Do you ever find that you’re too busy for the relationships that really matter to you?

So how do you get what is important done and keep the most important people in your life close?

People tend to engage in a psychological phenomenon called planning fallacy by underestimating the length of time it will take to complete a task. For example, we may think we can make it home in 23 minutes when it usually takes 30 minutes as a result of traffic. Yet, when we try to accomplish a few extra tasks before leaving (squeezing in one more phone call, copy, etc.), we end up inviting ourselves to experience more stress, risk being late, and feeling less energized when we meet up with our loved ones.

Most of us have fallen prey to the planning fallacy. But how do we fight against it?

Step 1: Be curious.

Ask yourself if you think it could take more time to accomplish this activity than you first thought. Be curious about what good comes from planning fallacy.

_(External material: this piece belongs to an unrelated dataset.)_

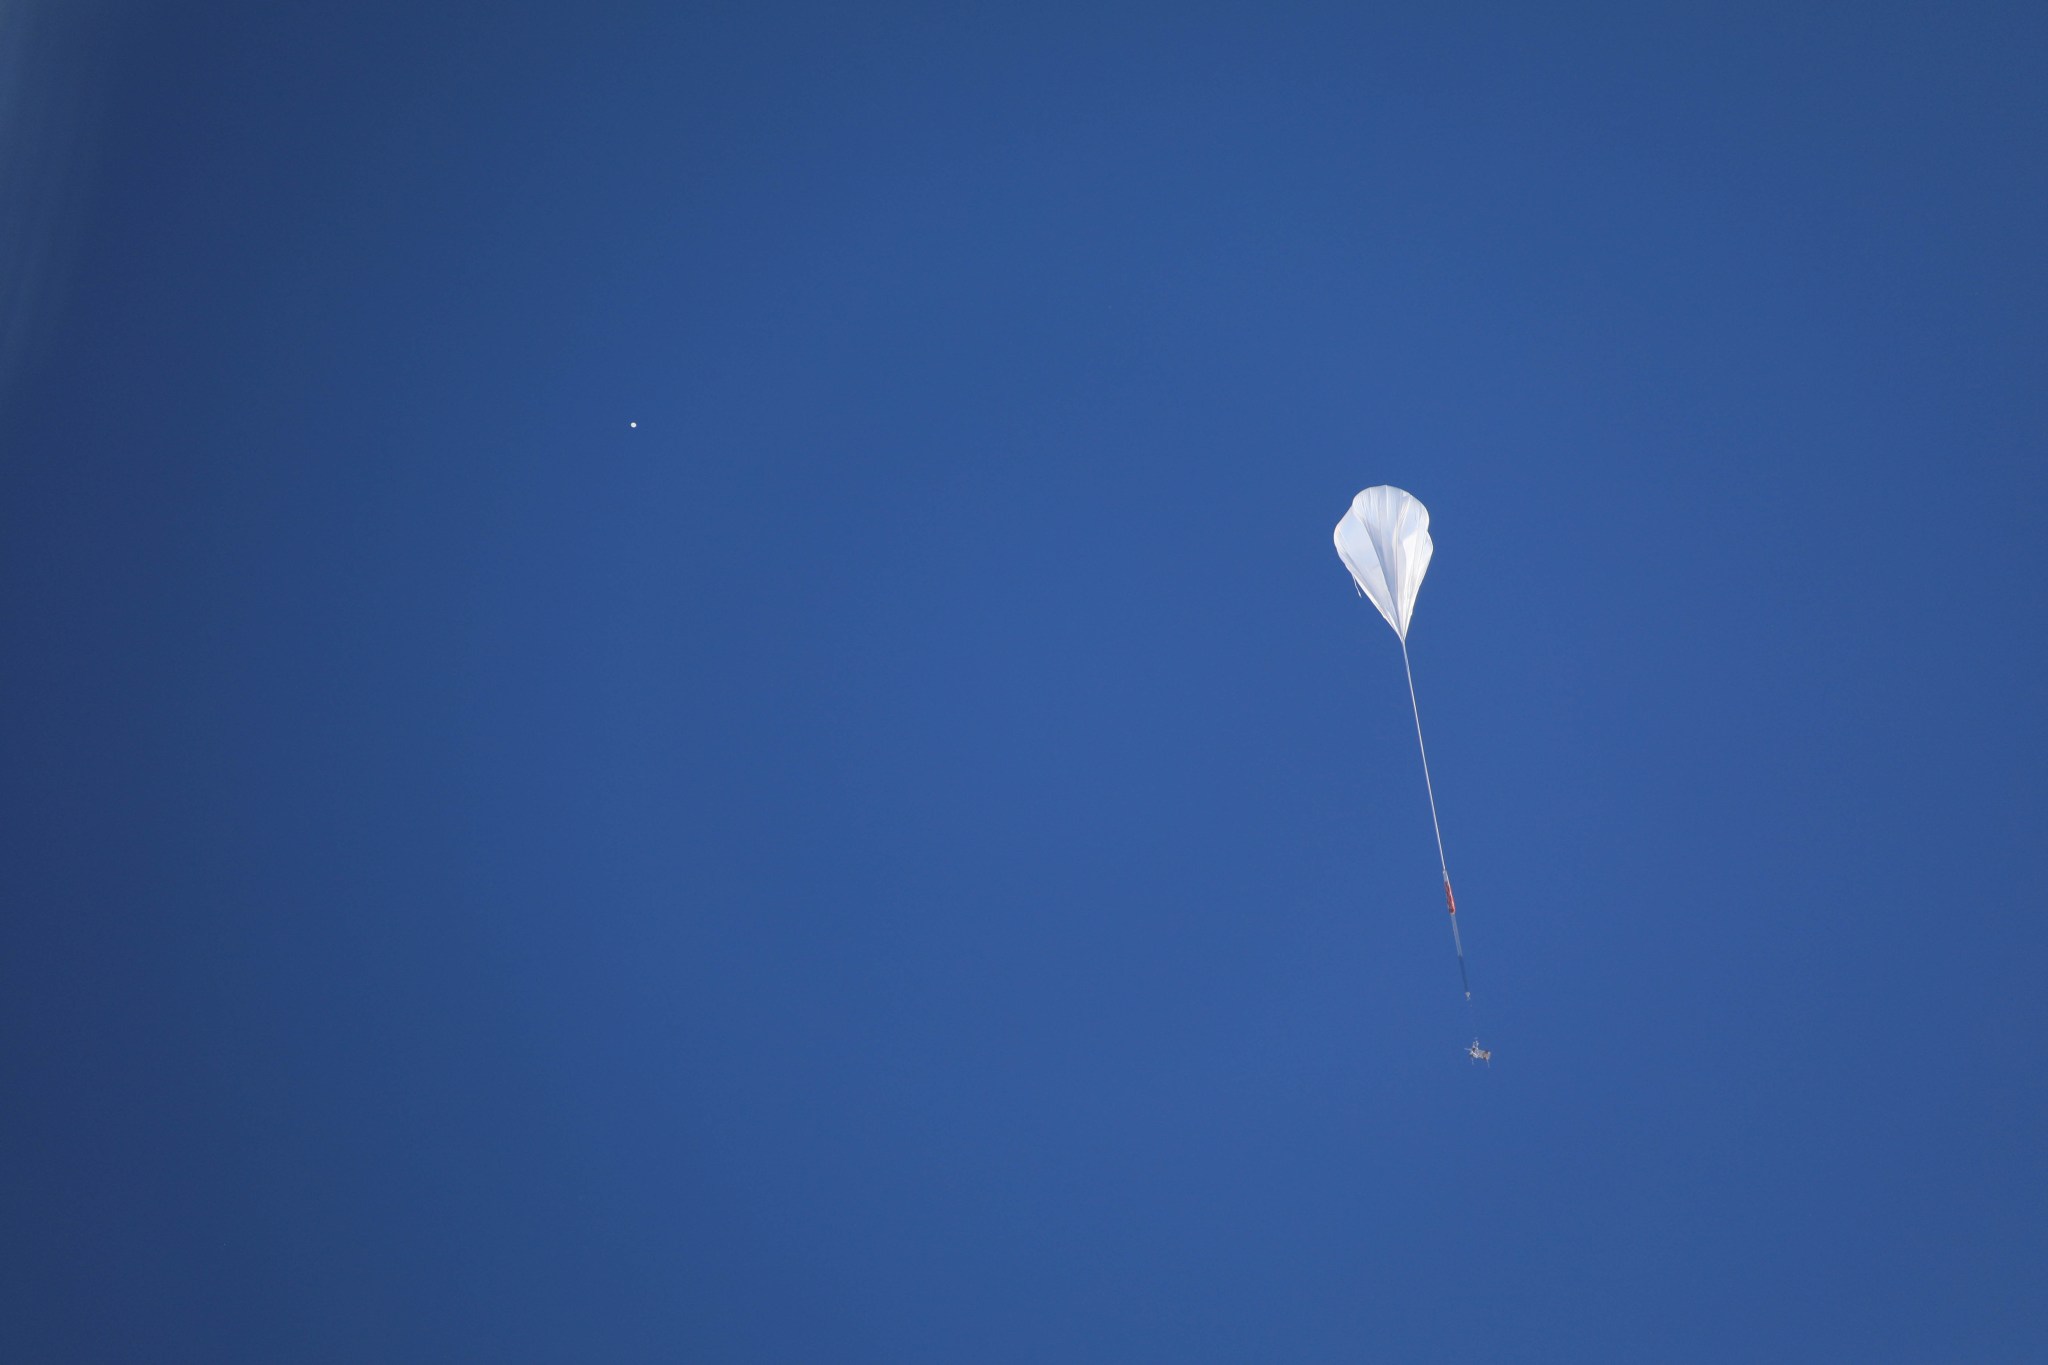 Scientific ballon lifting off against blue sky.

Consider asking, “What’s the function in the dysfunction?” In the above scenario, rushing can sometimes allow us to get more work done in a short amount of time. So it may be dysfunctional in that it causes stress and hurts our relationships, breaking down trust when we are late. But the functional behavior is accomplishing tasks in a short amount of time. Once we’ve thought through the function and dysfunction, we can make a new plan! Step 2 would be a great option.

Step 2: Allow some buffer time. Don’t schedule every single minute of your life. Allow at least 5 minutes for trains, traffic, and spilled coffee. Although we may be a little less productive, our relationships are much more important than accomplishing one or two extra small tasks. What have you done to fight the tendency to try to fit more in than you should?